CUDA_SAFE_CALL(cudaMalloc((void**)&d_idata, memSize));

CUDA_SAFE_CALL(cudaMalloc((void**)&d_odata, memSize));

//load file

F = fopen("in.txt", "rb");

fread(h_idata, 1, memSize, F);

fclose(F);

unsigned int timer = 0;

float elapsedTimeInMs = 0.0f;

CUT_SAFE_CALL( cutCreateTimer( &timer ) );

CUT_SAFE_CALL( cutStartTimer( timer));

// copy host to device

CUDA_SAFE_CALL(cudaMemcpy(d_idata, h_idata, memSize, cudaMemcpyHostToDevice));

// copy inside device

Copy<<<NUM_BLOCKS, NUM_THREADS>>>(d_idata, d_odata, memSize);

CUDA_SAFE_CALL(cudaThreadSynchronize());

// copy device to host

CUDA_SAFE_CALL(cudaMemcpy(h_odata, d_odata, memSize, cudaMemcpyDeviceToHost));

CUT_SAFE_CALL( cutStopTimer( timer));

elapsedTimeInMs = cutGetTimerValue( timer);

printf("Elapsed: %f seconds\n", elapsedTimeInMs / (float)1000);

// write to file

F = fopen("out.txt", "wb");

fwrite(h_odata, 1, memSize, F);

fclose(F);

//clean up memory

CUDA_SAFE_CALL(cudaFreeHost(h_idata));

CUDA_SAFE_CALL(cudaFreeHost(h_odata));

CUDA_SAFE_CALL(cudaFree(d_idata));

CUDA_SAFE_CALL(cudaFree(d_odata));

CUT_EXIT(argc, argv);

}

Any suggestions?

Tigga · September 26, 2008, 9:33am

While OS are you on? That kernel looks like it would take quite a while to me - you may be hitting the watchdog.

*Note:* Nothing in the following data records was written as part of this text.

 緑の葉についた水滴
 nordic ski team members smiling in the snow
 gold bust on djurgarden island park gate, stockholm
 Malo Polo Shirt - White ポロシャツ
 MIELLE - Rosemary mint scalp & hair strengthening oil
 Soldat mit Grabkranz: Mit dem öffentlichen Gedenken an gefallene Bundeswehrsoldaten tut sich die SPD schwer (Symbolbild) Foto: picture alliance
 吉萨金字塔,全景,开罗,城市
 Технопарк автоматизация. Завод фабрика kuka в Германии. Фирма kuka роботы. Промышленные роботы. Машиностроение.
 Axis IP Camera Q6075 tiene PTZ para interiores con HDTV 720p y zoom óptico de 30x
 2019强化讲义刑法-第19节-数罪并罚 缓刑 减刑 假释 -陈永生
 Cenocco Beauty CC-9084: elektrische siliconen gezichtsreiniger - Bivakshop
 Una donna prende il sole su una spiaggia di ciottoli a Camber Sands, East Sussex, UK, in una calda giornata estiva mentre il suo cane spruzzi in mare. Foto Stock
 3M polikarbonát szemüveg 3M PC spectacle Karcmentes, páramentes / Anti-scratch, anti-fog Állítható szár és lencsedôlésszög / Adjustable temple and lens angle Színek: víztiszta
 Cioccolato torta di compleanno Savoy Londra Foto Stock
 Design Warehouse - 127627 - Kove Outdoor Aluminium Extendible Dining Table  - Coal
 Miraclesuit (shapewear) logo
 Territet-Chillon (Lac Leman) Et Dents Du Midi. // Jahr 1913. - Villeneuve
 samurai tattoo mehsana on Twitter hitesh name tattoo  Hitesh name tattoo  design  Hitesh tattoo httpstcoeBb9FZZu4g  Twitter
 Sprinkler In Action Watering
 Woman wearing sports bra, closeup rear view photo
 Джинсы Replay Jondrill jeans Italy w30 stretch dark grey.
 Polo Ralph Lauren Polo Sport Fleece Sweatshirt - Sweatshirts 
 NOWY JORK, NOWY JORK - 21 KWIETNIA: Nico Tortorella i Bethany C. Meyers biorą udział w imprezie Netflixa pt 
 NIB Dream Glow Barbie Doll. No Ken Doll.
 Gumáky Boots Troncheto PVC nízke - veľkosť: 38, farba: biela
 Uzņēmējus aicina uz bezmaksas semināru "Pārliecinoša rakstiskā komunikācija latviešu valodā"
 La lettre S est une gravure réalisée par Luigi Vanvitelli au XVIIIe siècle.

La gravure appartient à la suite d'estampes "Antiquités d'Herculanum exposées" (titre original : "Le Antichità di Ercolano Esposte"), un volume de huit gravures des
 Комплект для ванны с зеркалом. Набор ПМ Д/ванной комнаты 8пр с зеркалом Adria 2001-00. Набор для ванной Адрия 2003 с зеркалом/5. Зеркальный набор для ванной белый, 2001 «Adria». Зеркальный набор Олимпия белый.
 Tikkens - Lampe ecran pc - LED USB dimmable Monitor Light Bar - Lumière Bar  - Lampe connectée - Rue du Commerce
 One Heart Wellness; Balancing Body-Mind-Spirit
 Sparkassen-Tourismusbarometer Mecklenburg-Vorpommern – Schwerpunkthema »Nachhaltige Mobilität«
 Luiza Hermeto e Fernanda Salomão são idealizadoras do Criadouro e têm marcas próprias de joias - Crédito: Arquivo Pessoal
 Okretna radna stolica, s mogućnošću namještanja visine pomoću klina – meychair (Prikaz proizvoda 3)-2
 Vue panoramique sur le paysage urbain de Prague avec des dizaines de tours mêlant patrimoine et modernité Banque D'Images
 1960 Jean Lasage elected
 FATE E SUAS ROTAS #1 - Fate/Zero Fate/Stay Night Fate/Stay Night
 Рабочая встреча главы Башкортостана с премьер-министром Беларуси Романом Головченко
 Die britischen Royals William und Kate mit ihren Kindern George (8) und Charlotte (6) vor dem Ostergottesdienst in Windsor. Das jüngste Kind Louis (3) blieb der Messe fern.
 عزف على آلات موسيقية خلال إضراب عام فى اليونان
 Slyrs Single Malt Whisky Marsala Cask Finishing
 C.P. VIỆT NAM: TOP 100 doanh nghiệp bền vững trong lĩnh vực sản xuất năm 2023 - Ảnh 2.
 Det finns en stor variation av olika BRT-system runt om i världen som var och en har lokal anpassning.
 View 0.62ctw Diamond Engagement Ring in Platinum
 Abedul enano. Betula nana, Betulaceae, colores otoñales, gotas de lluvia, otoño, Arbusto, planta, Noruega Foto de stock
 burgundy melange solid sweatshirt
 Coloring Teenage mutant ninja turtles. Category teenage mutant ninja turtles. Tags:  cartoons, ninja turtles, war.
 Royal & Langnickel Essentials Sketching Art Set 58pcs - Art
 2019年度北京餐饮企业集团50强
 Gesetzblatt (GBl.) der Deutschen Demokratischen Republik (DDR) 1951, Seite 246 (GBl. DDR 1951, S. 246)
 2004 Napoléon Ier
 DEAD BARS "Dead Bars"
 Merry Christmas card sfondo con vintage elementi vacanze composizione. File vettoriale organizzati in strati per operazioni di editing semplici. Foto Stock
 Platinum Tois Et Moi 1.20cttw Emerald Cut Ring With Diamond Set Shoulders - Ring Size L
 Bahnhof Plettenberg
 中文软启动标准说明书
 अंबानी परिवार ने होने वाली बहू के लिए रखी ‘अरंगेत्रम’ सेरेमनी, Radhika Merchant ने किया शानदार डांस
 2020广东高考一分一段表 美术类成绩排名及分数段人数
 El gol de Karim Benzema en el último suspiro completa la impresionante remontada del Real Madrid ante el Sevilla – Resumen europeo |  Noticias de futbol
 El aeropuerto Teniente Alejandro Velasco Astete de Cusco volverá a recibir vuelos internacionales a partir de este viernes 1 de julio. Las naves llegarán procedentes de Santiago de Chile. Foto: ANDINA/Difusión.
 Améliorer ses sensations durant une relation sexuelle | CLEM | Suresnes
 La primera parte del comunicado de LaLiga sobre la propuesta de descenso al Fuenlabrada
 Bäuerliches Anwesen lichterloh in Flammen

_Big_Mac · September 26, 2008, 9:54am

Why are you using only one thread and block? Are you testing for some particular behaviour?

How long does it take to process 10-15MB?

RekoD · September 26, 2008, 9:56am

WinXP Pro.

Could you please provide watchdog timeout value here?

As far as I understood, the kernel fails due to some timeout?

But when I do the following:

__global__ void Copy(char *from, char *to, int n)

{

for(int i=0; i < 10000000; i++) to[i] = from[i];

for(int i=10000000; i < 20000000; i++) to[i] = from[i];

for(int i=20000000; i < 30000000; i++) to[i] = from[i];

for(int i=30000000; i < 40000000; i++) to[i] = from[i];

for(int i=40000000; i < n; i++) to[i] = from[i];

}

It starts to work OK.

This means that watchdog can’t be a root cause of this problem, isn’t it?

On 8800GTX there is 780Mb of RAM, but some amount of it is consumed for desktop.

Does it mean that I can’t use for example 512Mb or 256Mb at a time?

RekoD · September 26, 2008, 10:00am

When I use 16 threads - it doesn’t work even with 10Mb :(

When I decrease a memory per-kernel to 1Mb - it starts to work.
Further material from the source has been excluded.